Shinn et al. use verbal feedback and episodic memory to improve agent behavior across sequential decision-making, reasoning, and programming tasks.
- Paper: Reflexion: Language Agents with Verbal Reinforcement Learning
- Loom connection: future trace learning and regression memory.
Zhuge et al. represent language-agent systems as computational graphs and optimize both node prompts and graph connectivity.
- Paper: Language Agents as Optimizable Graphs
- Loom connection: evolving role maps and prompt policies from measured outcomes.
Zhang et al. formulate code-represented workflow optimization as a search problem and use execution feedback to refine graph structure. Their reported experiments show an average improvement over evaluated baselines and cases where smaller models outperform GPT-4o at much lower dollar cost.
- Paper: AFlow: Automating Agentic Workflow Generation
- Loom connection: optimize workflows offline on a training split, then freeze and evaluate them on held-out cases.
LLM judges can prefer candidates because of prompt position or familiarity with a model family's output style rather than task correctness.
- Paper: Judging the Judges: A Systematic Study of Position Bias in LLM-as-a-Judge
- Paper: Self-Preference Bias in LLM-as-a-Judge
- Loom connection: randomize pairwise candidate order, keep strategy/model identity hidden, calibrate on a human-reviewed sample, and report uncertainty.

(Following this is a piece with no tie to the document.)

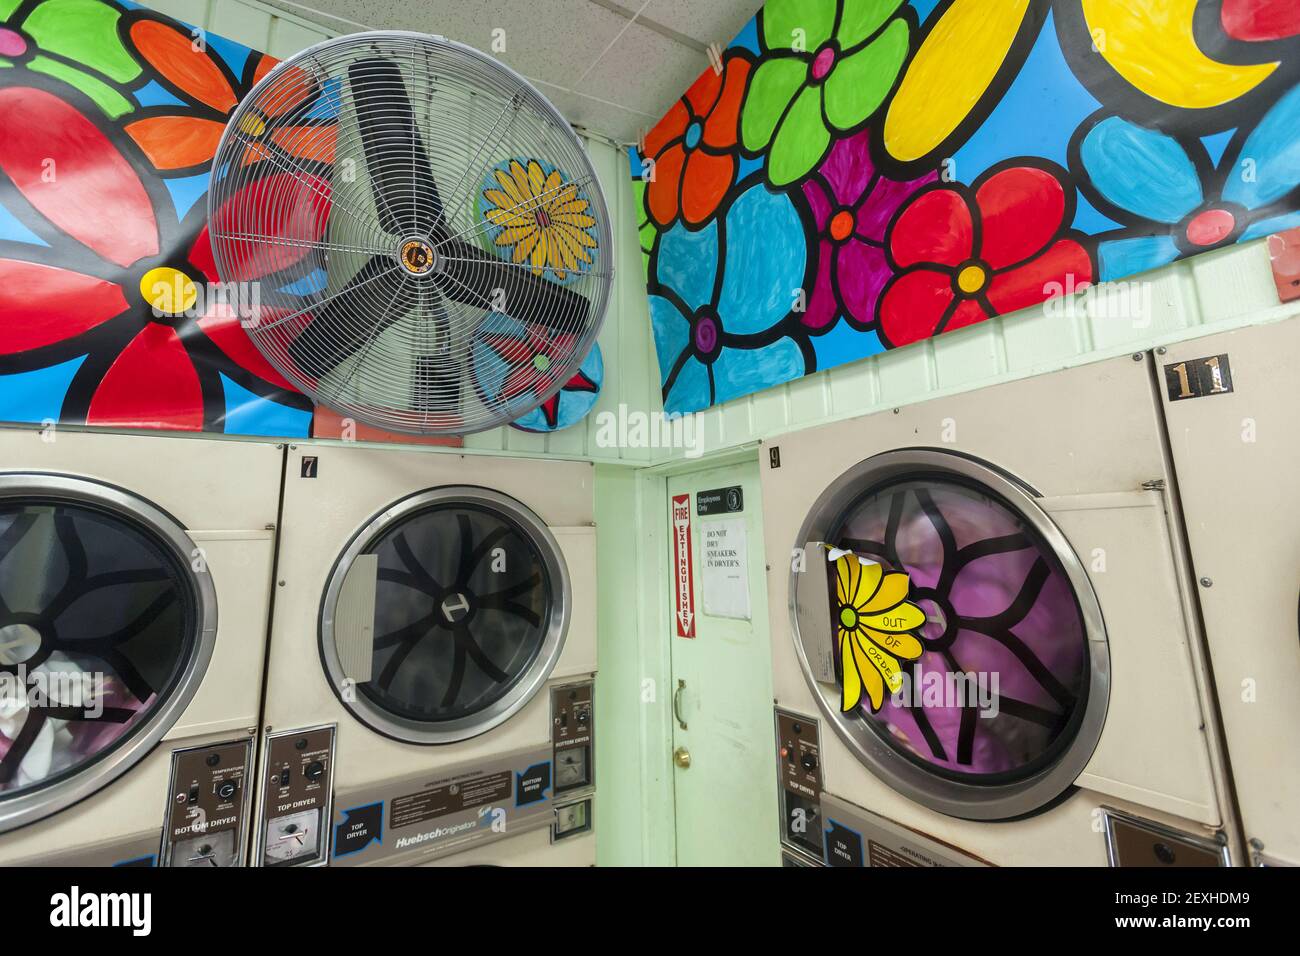 La laverie automatique Happy Family située dans le quartier Bronx de New  York le vendredi 16 mai 2014 est décorée pour un événement promotionnel sur  le détergent gain Procter & Gamble. Procter

Debenedetti et al. introduce an extensible environment with realistic tasks and hundreds of security cases for indirect prompt injection against tool-using agents.
- Paper: AgentDojo: A Dynamic Environment to Evaluate Prompt Injection Attacks and Defenses for LLM Agents
- Loom connection: tool access must be explicitly scoped and tested against untrusted retrieved content before Loom grows autonomous tool execution.
These studies establish that routing, cascades, aggregation, and refinement can improve a cost/quality frontier under particular experimental conditions. They do not establish that adding workers always helps. Extra calls can increase latency, token duplication, and failure surface. Dot Loom exists to make that trade-off visible and reproducible for a user's own workload.
Research findings verified against primary paper and conference pages on 2026-07-14. Reported gains remain benchmark-specific and must not be presented as Dot Loom results until reproduced in this repository.